Columbus, Ohio —based retail research firm TNS Retail Forward held its annual home improvement industry conference on Aug. 30, outlining the predictions for the next five years at the nation’s two largest home improvement retailers.
Both retailers face challenges in the coming years, but those challenges differ, analysts said. While Home Depot must deal with aging stores and fewer expansion opportunities, Lowe’s will face new challenges in Canada.
Economist and senior consultant Steve Spiwak said Home Depot faced impending market saturation and predicted the largest home improvement retailer would follow through on plans to diversify its store formats to continue expansion.
“Home Depot has its work cut out for it,” Spiwak said. On top of a weak housing market and major competitive pressures from Lowe’s, “it’s facing market saturation and an aging store base.”
For that reason, rather than continue strictly in the 100,000-square-foot and larger big-box format, the company could be considering smaller “25,000- to 50,000-” square-foot stores, “about the size of a neighborhood hardware store.”
Spiwak pointed to the company’s purchase of Yardbirds, which became Home Depot’s small-format offering in the San Francisco area. “Those basically were a way to get into the lucrative San Francisco bay area,” he said, but added the Yardbirds format could serve as a good “testing ground” for other areas of the country.
Yardbirds was a 10-unit chain of hardware stores purchased by Home Depot in 2006. The Atlanta retailer closed two locations and converted three others into Home Depot formats. In May, Home Depot converted two other former Yardbirds stores in Concord, Calif., and Petaluma, Calif., into a hybrid format under twin retail banners. The 40,000-square-foot units feature lower ceilings and fixtures, a racetrack layout and a large design center in the middle of the store. Neither location has lumber or building materials.
In addition to those stores, further test stores will be located in Alamo, San Pablo and San Rafael, Calif. The San Pablo store, the only Yardbirds to carry building materials, is expected to have a drive-though lumberyard.

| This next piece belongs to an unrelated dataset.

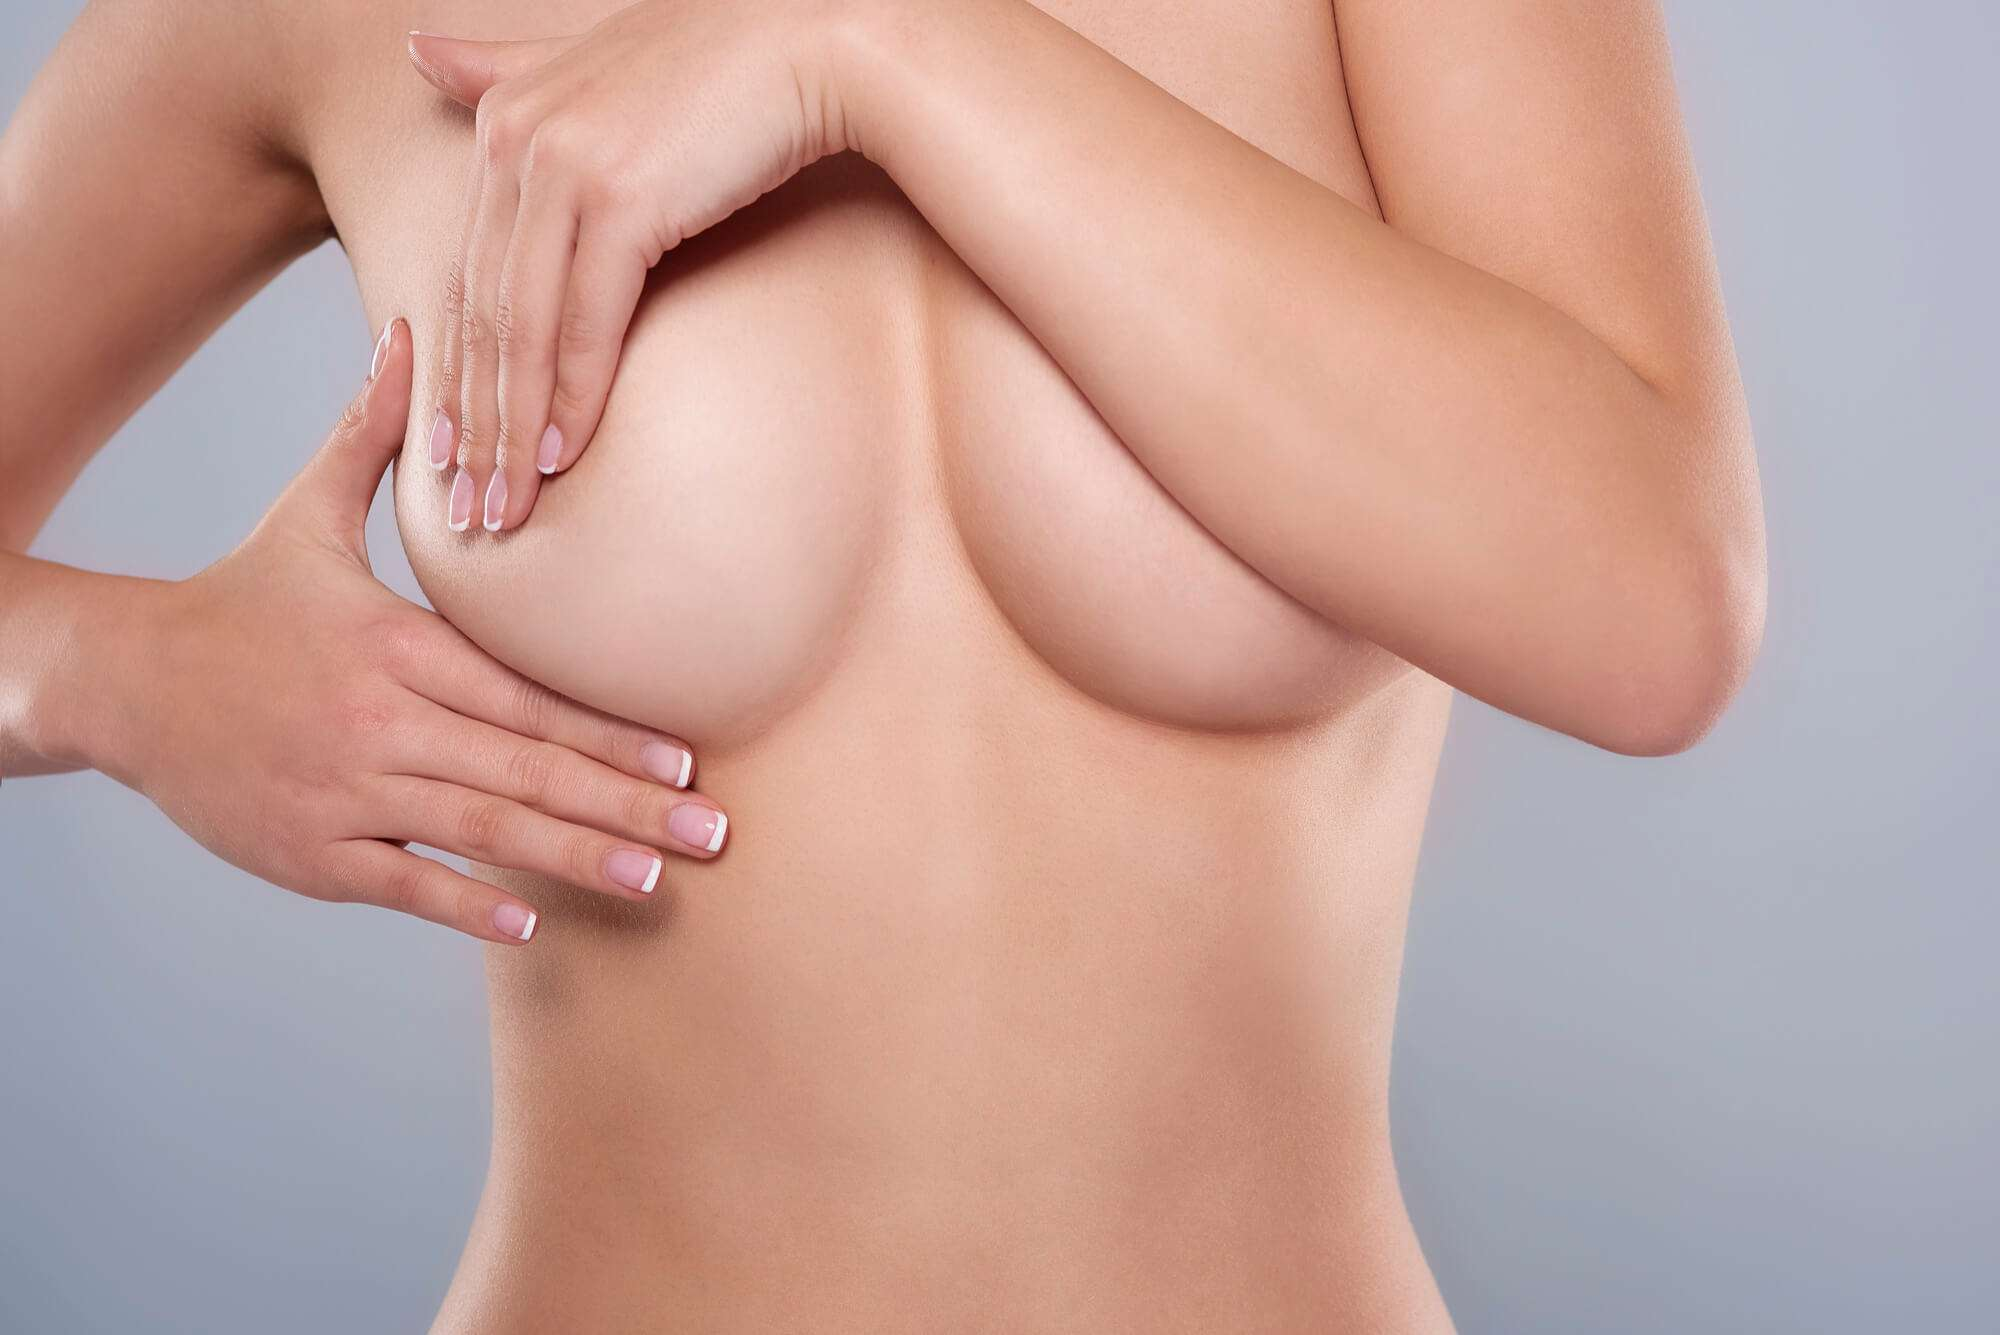 The Boob Implants Trends
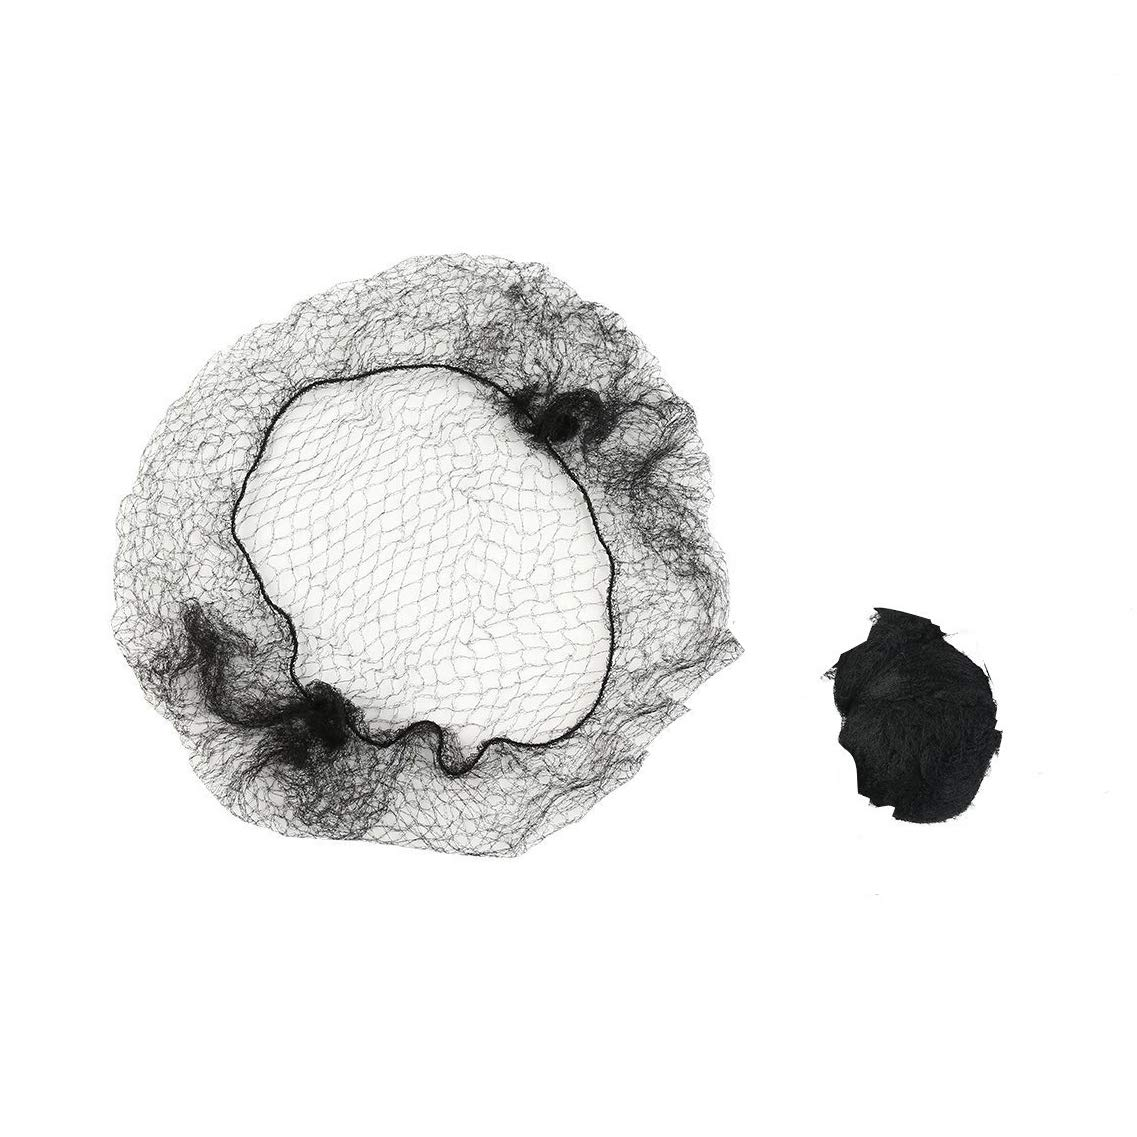 60Pcs Hair Nets Invisible Elastic Edge Mesh Reusable Bun Hair Nets for Ballet Dance or Food Service (20 Inches/50cm, Black)

Ace Hardware has, with smaller format stores, been able to “intercept a lot of customers and prevent them from going to the larger home centers, for home spruce up projects. It’s quicker, it’s faster,” he said. “The hardware co-ops are sort of banking on this approach of being convenient and offering a high level of service to their customers.”
Although Lowe’s does not face the same market saturation problems as Home Depot, nor the same issues with aging stores, it has expressed interest in further exploring smaller format stores in coming years, said Nick McCoy, senior consultant with Retail Forward.
Lowe’s is looking at “smaller markets and in-fill markets with smaller stores—80,000-square-foot stores that have done fairly well,” McCoy said, adding, “anything less than 80,000 square feet will be too small. Don’t look for Lowe’s to be opening small hardware-type stores any time soon.”
In dealing with tough market conditions, both analysts warned of slower growth for the two retailers in the next five years. The new market conditions favor those retailers who are better at catering to a more specialized market.
“Homeowners are now shifting to smaller, focused projects,” McCoy said. “Long story short is we’re probably not going to find a bottom this year [in the housing market]. There’s far fewer home equity cashouts happening these days. [Market conditions are] favoring small category specialists rather than the massive warehouse retailers.”
For Home Depot, Spiwak said Retail Forward is expecting to see “modest growth.” Home Depot lost some market share in the last year, and Spiwak says he predicts they will lose another 1 percent of share while growth slows.
“[Home Depot is] not going to be able to open up as many stores as it has in the past, and it’s going to be restrained by that market saturation,” he said.
One way of dealing with the housing slump, he said, is by focusing on “non-traditional events,” such as football tailgating and back-to-school sales.
“We expect, of course, that industry growth is slowing,” overall, McCoy said. “We expect it to be cut [roughly] in half over the next five years,” from 8.5 percent to 4.5 percent.
Lowe’s has helped its position, McCoy noted, by revamping its distribution network. The company recently reached its goal of having 75 percent of its products moving through its distribution system, which “vastly increased their flexibility for distribution management.”
McCoy also discussed Lowe’s entrance into Canada, an “intensely competitive” market.
Some rumors had swirled that Lowe’s could view RONA as a potential takeover target to further the company’s expansion. A report from Desjardins Securities put the probability of a takeover at 40 percent, “given Lowe’s need for physical locations.”
However, McCoy said he doubted a takeover would happen, and Lowe’s would instead concentrate on “organic growth.”
“There’s been a lot of speculation that Lowe’s might acquire RONA. I really don’t think that’s very likely,” he said. He noted that although Lowe’s did take a major market share step by acquiring Eagle Hardware & Garden in the late 1990s, he doesn’t believe RONA fits a mold that Lowe’s wants.
“[RONA] is just so vastly different form Lowe’s,” McCoy said. “I just don’t think that’s a logical alternative.”